Now I wanted to improve the detection rate and created another set of images which show the helmet from all possible angles. When I try to train these files I get:

2021-04-12 20:45:14 - Epoch: 0, Validation Loss: nan, Validation Regression Loss nan, Validation Classification Loss: nan

To make sure my dataset is in the correct format, I created two simple test-folders. One with an image + annotations from the first training session which works and a second one from my new set which returns nan.

I’ve attached a zip-file with the datasets. ssd_training_test.zip (1.6 MB)

I’m running them with the following command line:

Test1 works fine:
python3 train_ssd.py --dataset-type=voc --data=data/test1 --model-dir=models/test1 --num-epochs=100 --num-workers=10 --batch-size=1

Test2 returns nan:
python3 train_ssd.py --dataset-type=voc --data=data/test2 --model-dir=models/test2 --num-epochs=100 --num-workers=10 --batch-size=1

I have no clue where my error is? Anybody has any ideas?

Hi @moritz3, typically when NaN’s occur, there is something malformed/corrupted about one or more image annotations in the training dataset. Perhaps the bounding box values are very large (overflow) or negative.

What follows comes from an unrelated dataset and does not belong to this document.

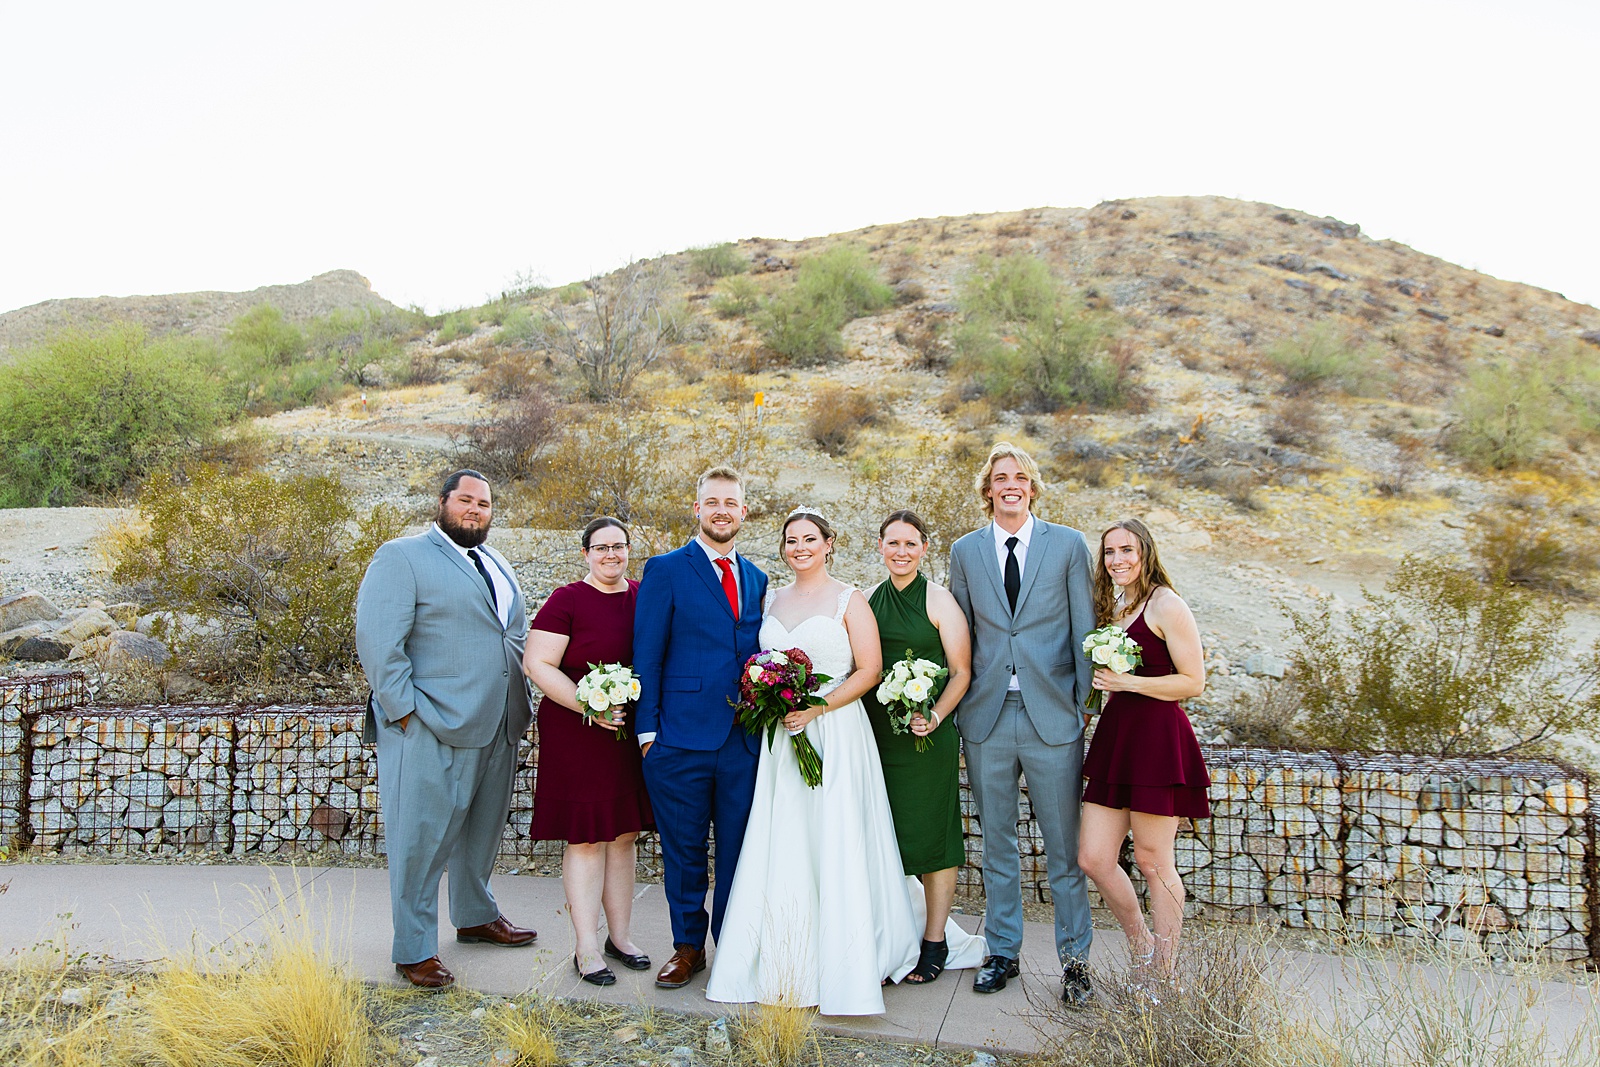 Bridal party together at a intimate desert wedding by Arizona wedding photographer Juniper and Co Photography.

I would uncomment this line of code: https://github.com/dusty-nv/pytorch-ssd/blob/e7b5af50a157c50d3bab8f55089ce57c2c812f37/vision/datasets/voc_dataset.py#L76

And then run train_ssd.py with --batch-size=1 --num-workers=1 --debug-steps=1

This will then print out which image is loaded, and you should look for when the loss becomes NaN. The most recent image to be loaded is the one that caused the NaN - check it’s annotations.

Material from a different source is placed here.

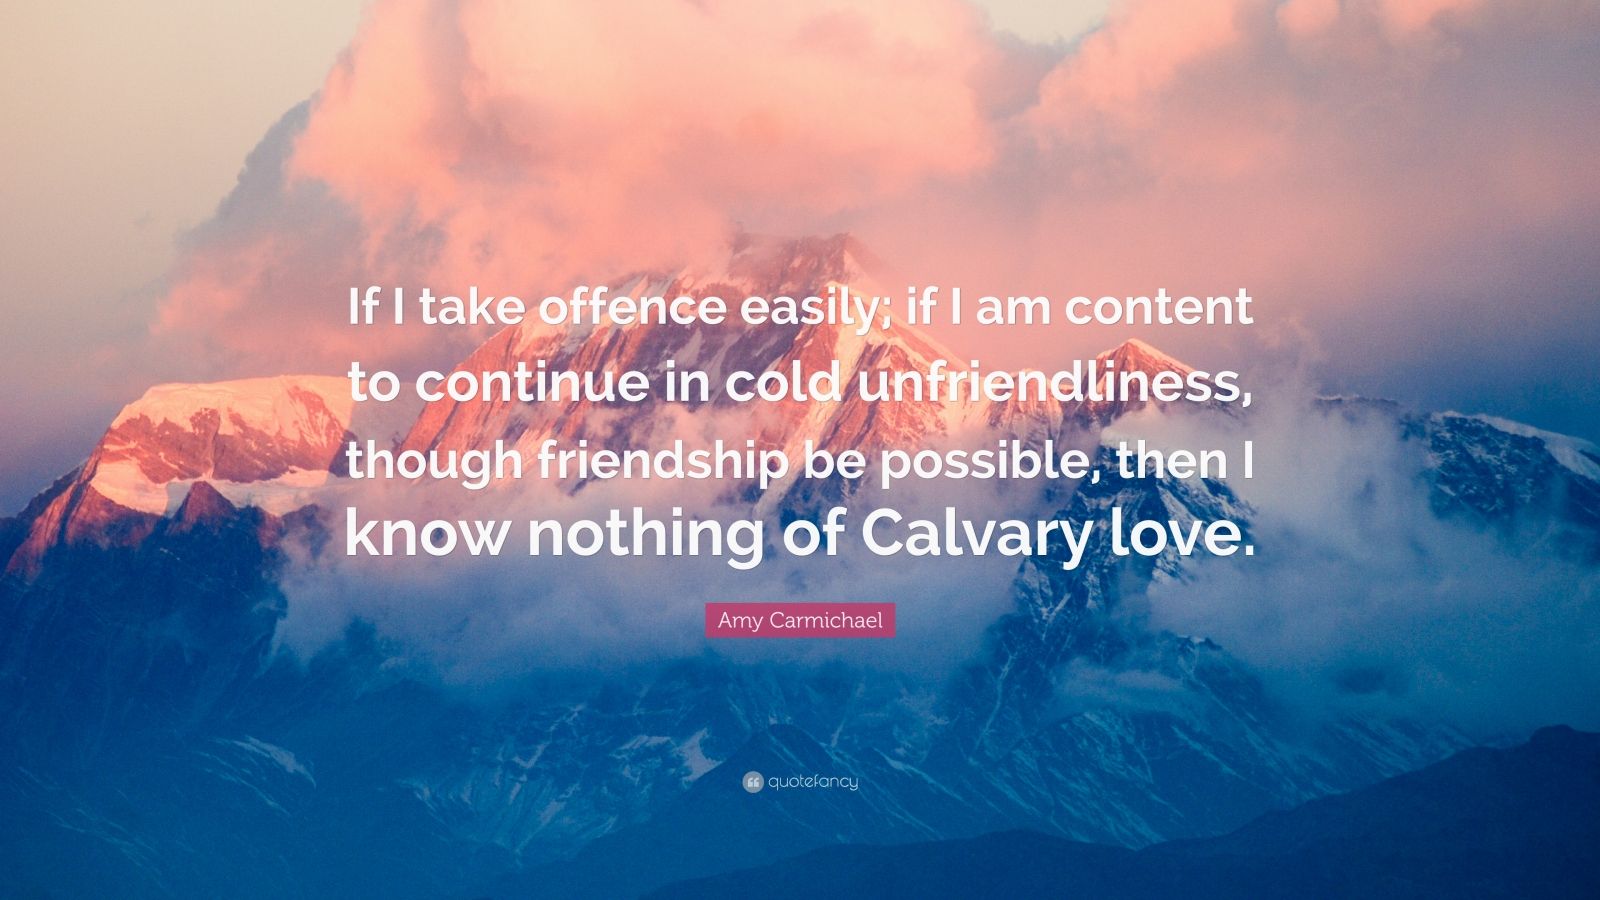 Amy Carmichael Quote “If I take offence easily; if I am

Thanks for your answer! I could figure out where my Annotation-data is causing issues. Sometimes x/ymin and x/ymax are reversed; so the min number is actually bigger than the max-number.

I’ll have to make sure my code produces the correct annotation data. That fixed my issues.

Thanks again!

OK cool, glad that you were able to find the problematic annotations and get it training!